■ Your task ■
When you reach the line containing "PANTONE 2145 C - Colorxs Quad Palette" in the entries below, start writing out each line exactly, and stop after the line containing "Buy visvim men".

[Task material — start]

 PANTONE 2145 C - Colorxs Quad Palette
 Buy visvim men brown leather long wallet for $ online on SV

[Task material — finish]
[Task material — start]

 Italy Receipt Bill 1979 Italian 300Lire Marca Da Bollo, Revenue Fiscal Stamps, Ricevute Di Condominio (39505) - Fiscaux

[Task material — finish]
[Task material — start]

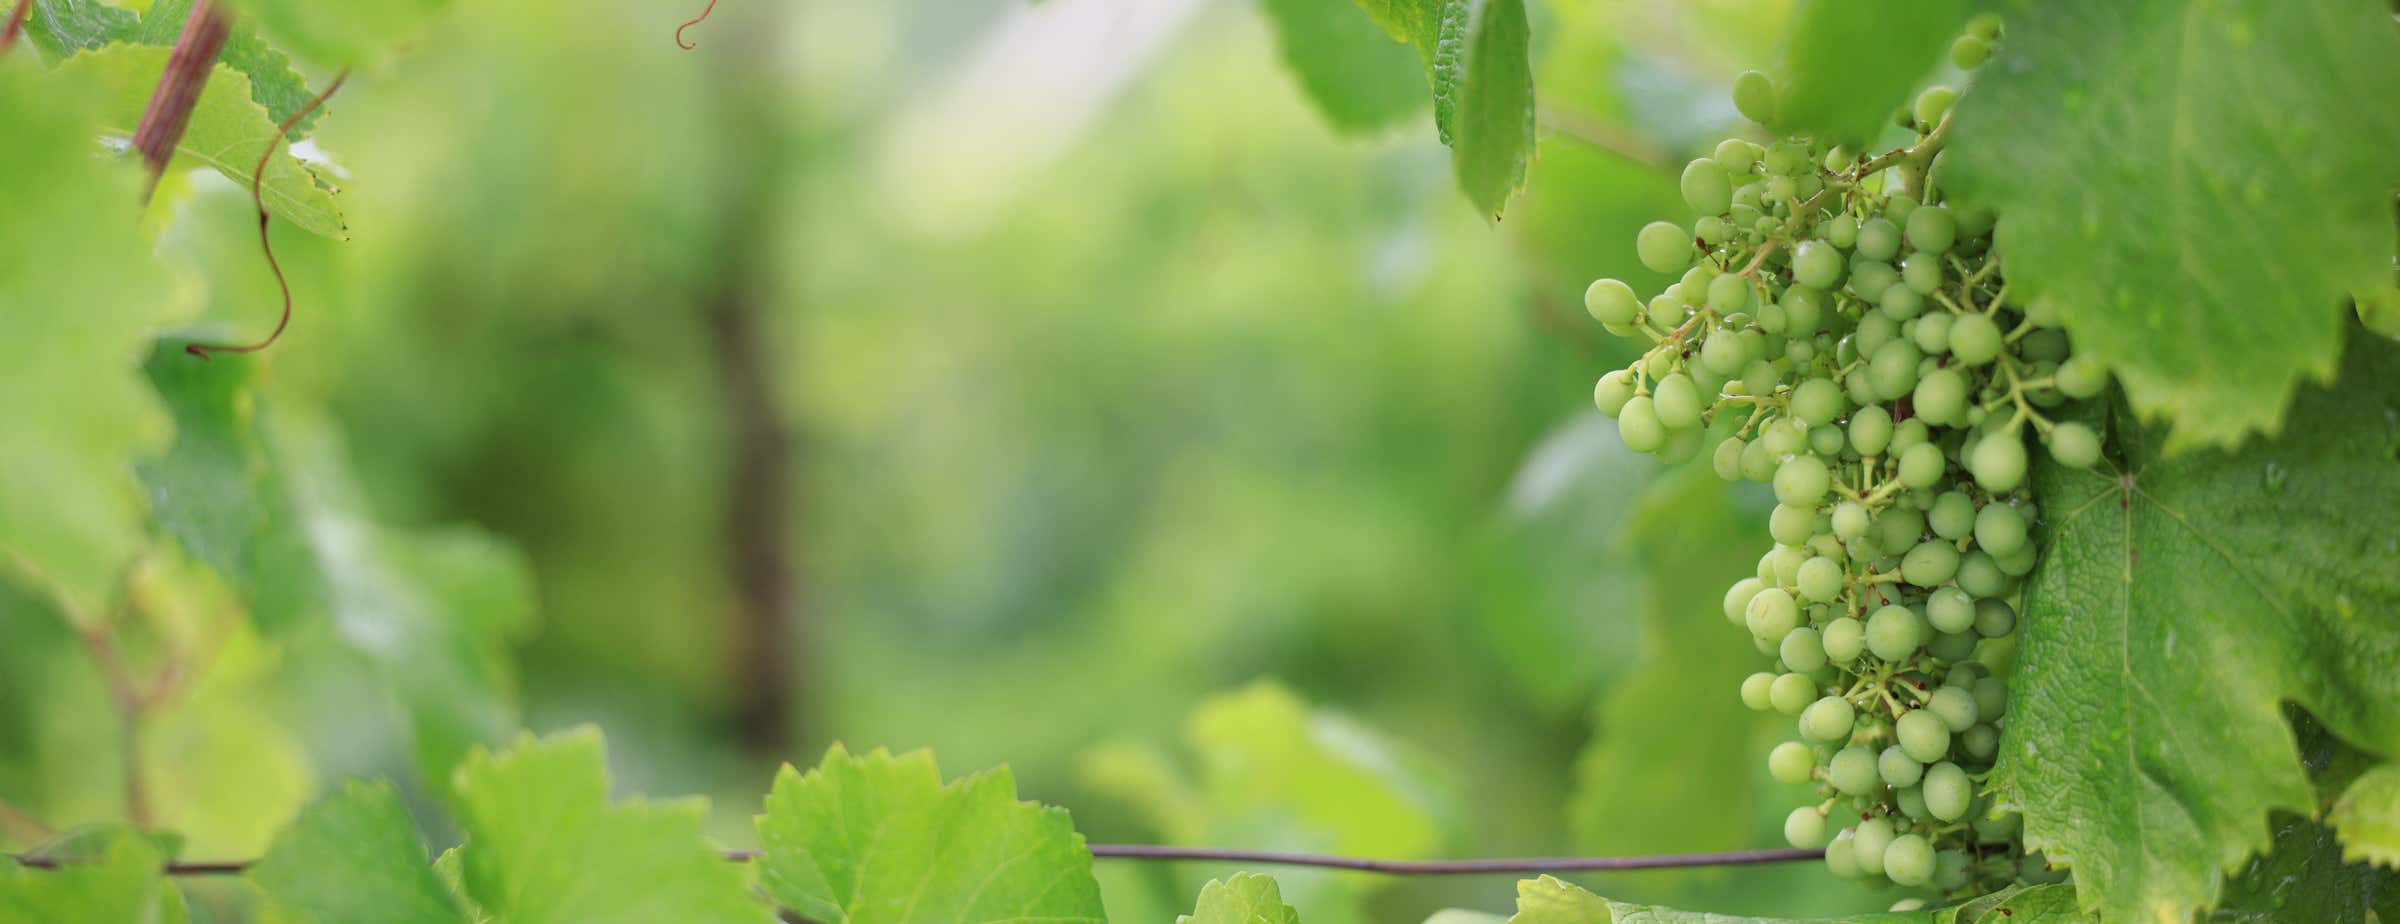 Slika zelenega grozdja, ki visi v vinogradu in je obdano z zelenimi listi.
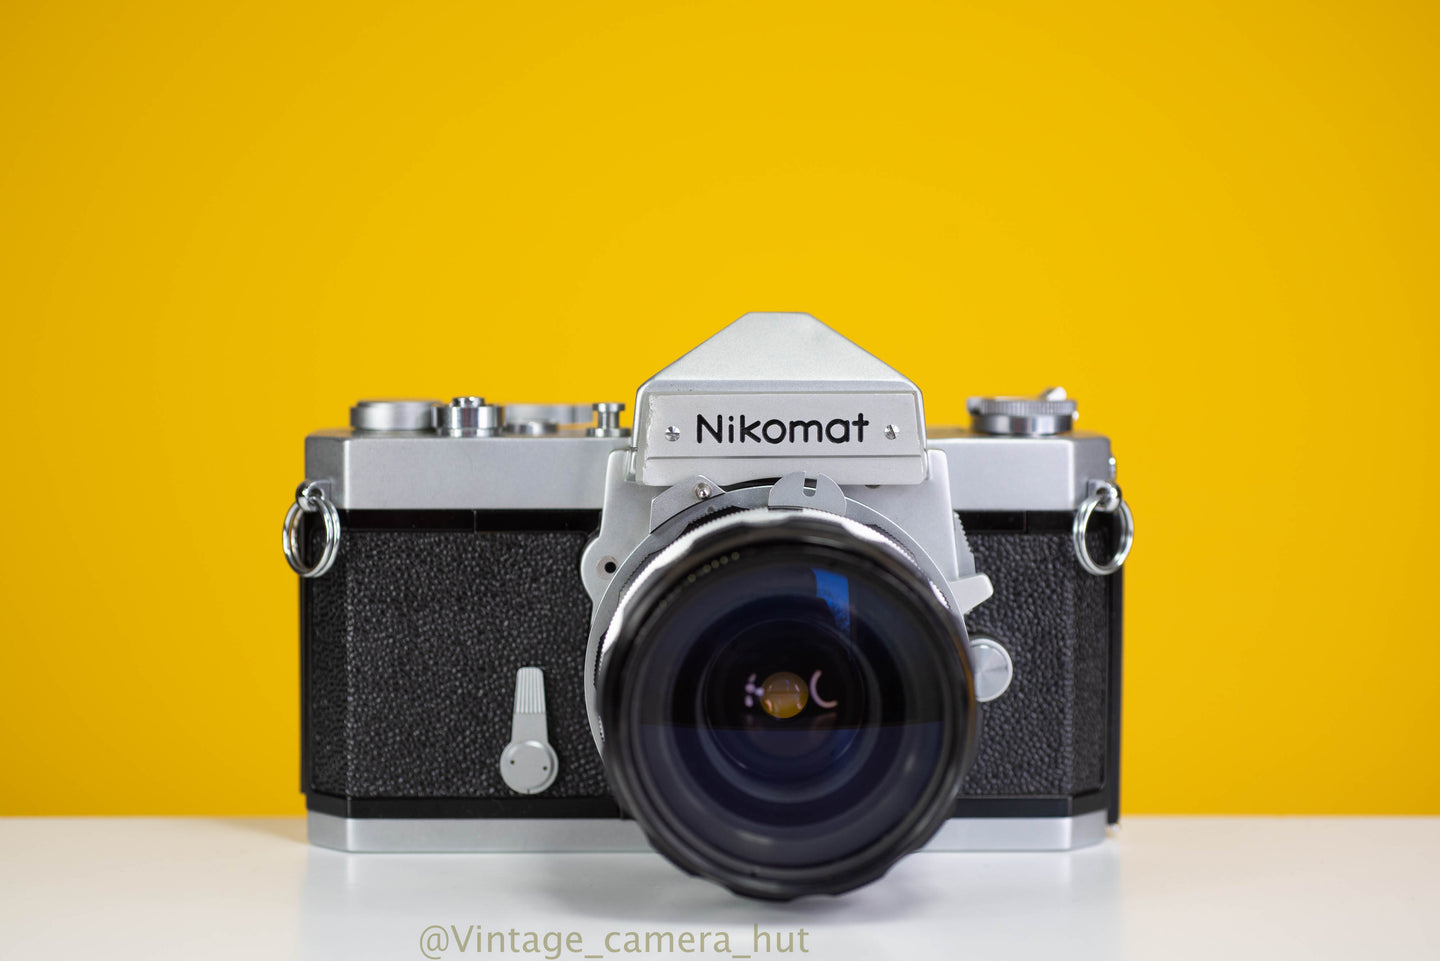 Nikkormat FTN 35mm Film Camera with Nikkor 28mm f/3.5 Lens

[Task material — finish]

■ Exercise answer ■
 PANTONE 2145 C - Colorxs Quad Palette
 Buy visvim men brown leather long wallet for $ online on SV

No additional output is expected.